Over a number of months, “they end up in an even worse spot,” said David Canaday, an infectious disease physician and professor of medicine at Case Western Reserve University in Cleveland, Ohio, who led the study, which was released as a preprint before publication in late August.

Two weeks after a second inoculation, neutralizing antibodies had fallen below the level of detection in 16% of nursing home residents who hadn’t had COVID-19 before their immunizations. Six months post-vaccination, 70% had extremely low levels. By contrast, only 16% of the 64 younger caregivers had such meager antibodies six months out, the research found.

“Definitely the protection will drop a fair amount with these levels of antibody loss,” Canaday said. But it’s unlikely such a loss will mean zero protection.

A second study compared antibody levels in 167 University of Virginia health system staff immunized with either the Moderna or Pfizer vaccine. Antibodies levels after the second vaccine were about 50% higher in people who got the Moderna shot, the researchers said Thursday in a letter in Jama Network Open.

Subtle differences

But when the researchers dug further, they found that the difference was mostly explained by an inferior response to the Pfizer vaccine in people 50 and older, says Jeffrey Wilson, an immunologist at the University of Virginia and co-author on the study. With the Moderna vaccine, the antibody response after two shots didn’t differ dramatically by age group.

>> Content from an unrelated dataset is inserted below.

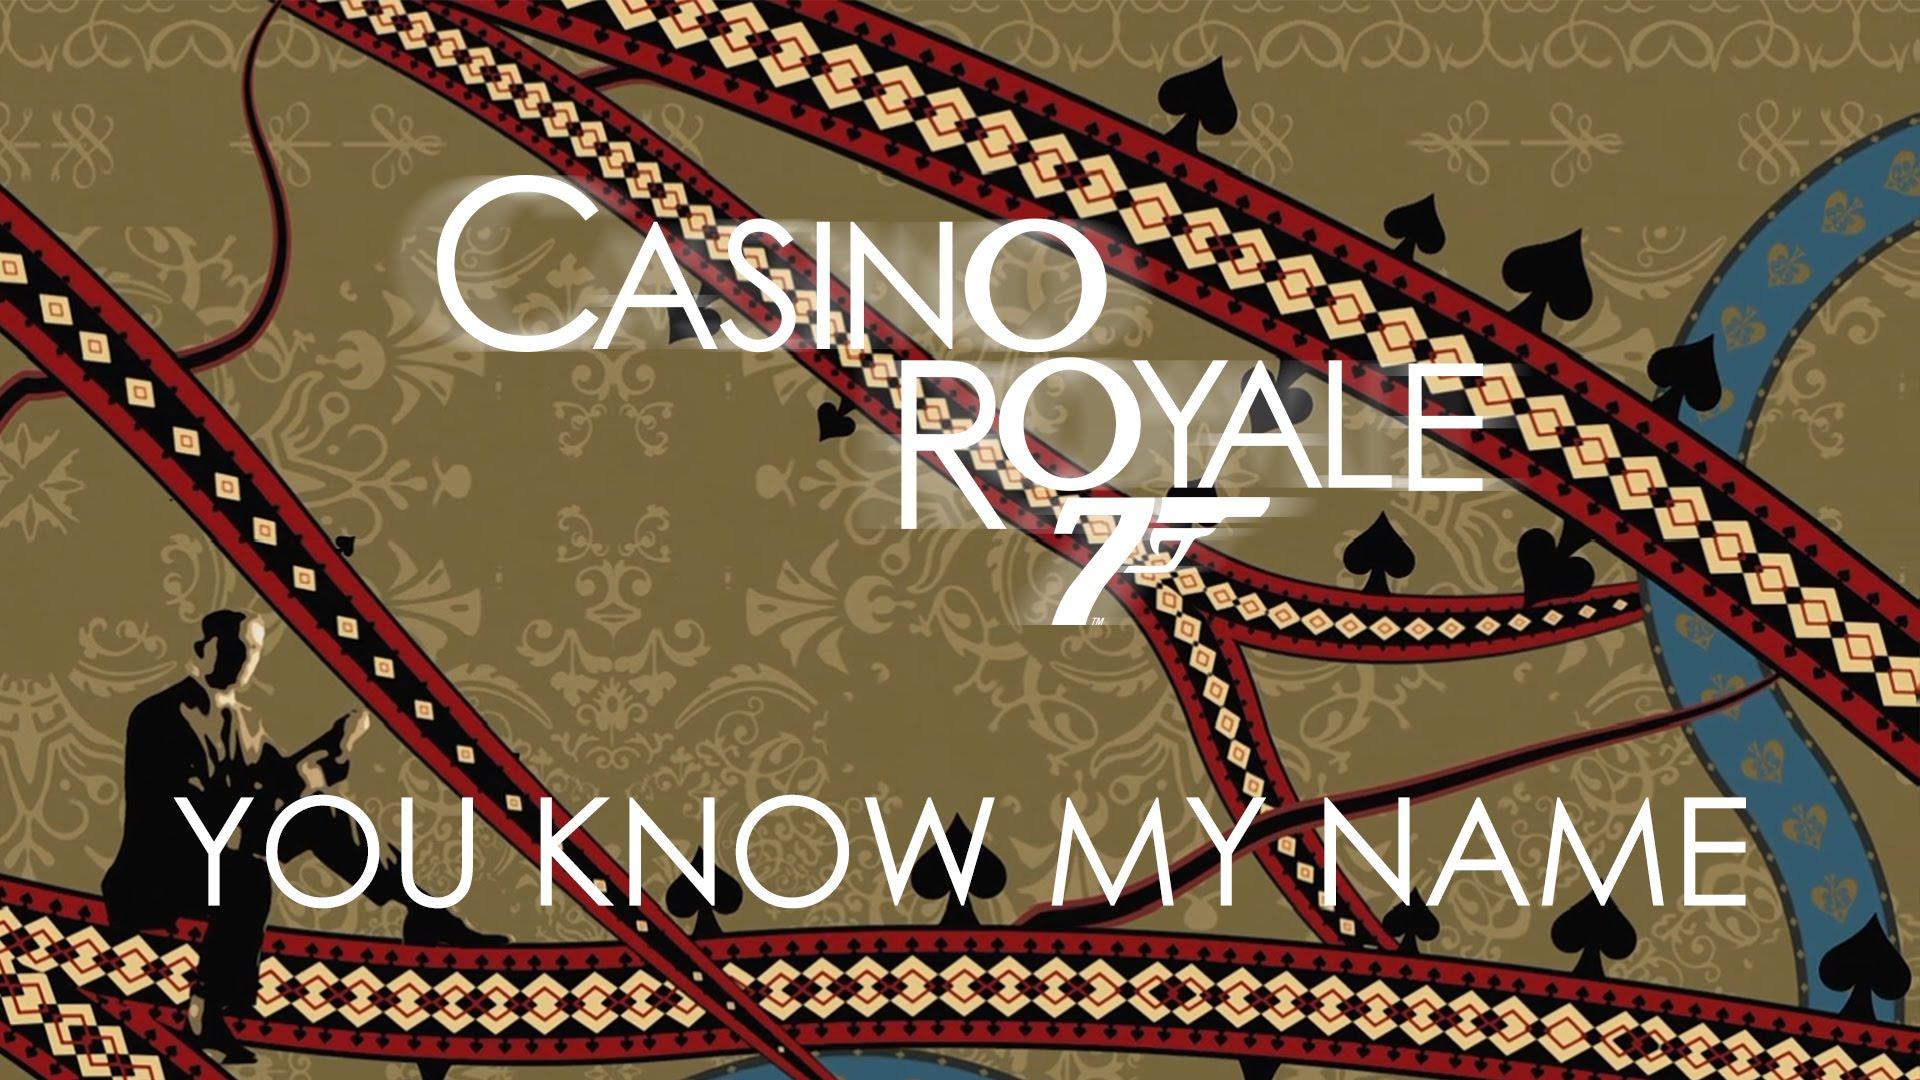 Casino royale canzone famosa

“There are probably subtle differences between Pfizer and Moderna,” said Wilson. “Whether that has a clinically meaningful impact on protection against the virus remains to be seen.”

The University of Virginia finding is broadly consistent with a bigger study of more than 1,600 workers at a hospital in Belgium that found people who got the Moderna vaccine had, on average, double the antibody levels of those who got Pfizer. But the Belgian study, which was published Monday in the Journal of the American Medical Association, found Moderna produced higher antibody levels in all age groups.

None of the studies measured whether fewer antibodies results in less protection over time. But as the delta variant has taken over, emerging data increasingly show a deteriorating level of protection from immunizations, leading to more reports of breakthrough infections where a vaccinated person becomes ill.

Protection against severe disease and hospitalization — the most important health benefit of vaccination — has generally remained strong.

“We’re not seeing the hospitals filling up with vaccinated people,” says Angela Rasmussen, a virologist at the Vaccine and Infectious Disease Organization at the University of Saskatchewan in Saskatoon. “What we’re seeing is mostly unvaccinated people still making up the bulk of the new cases.”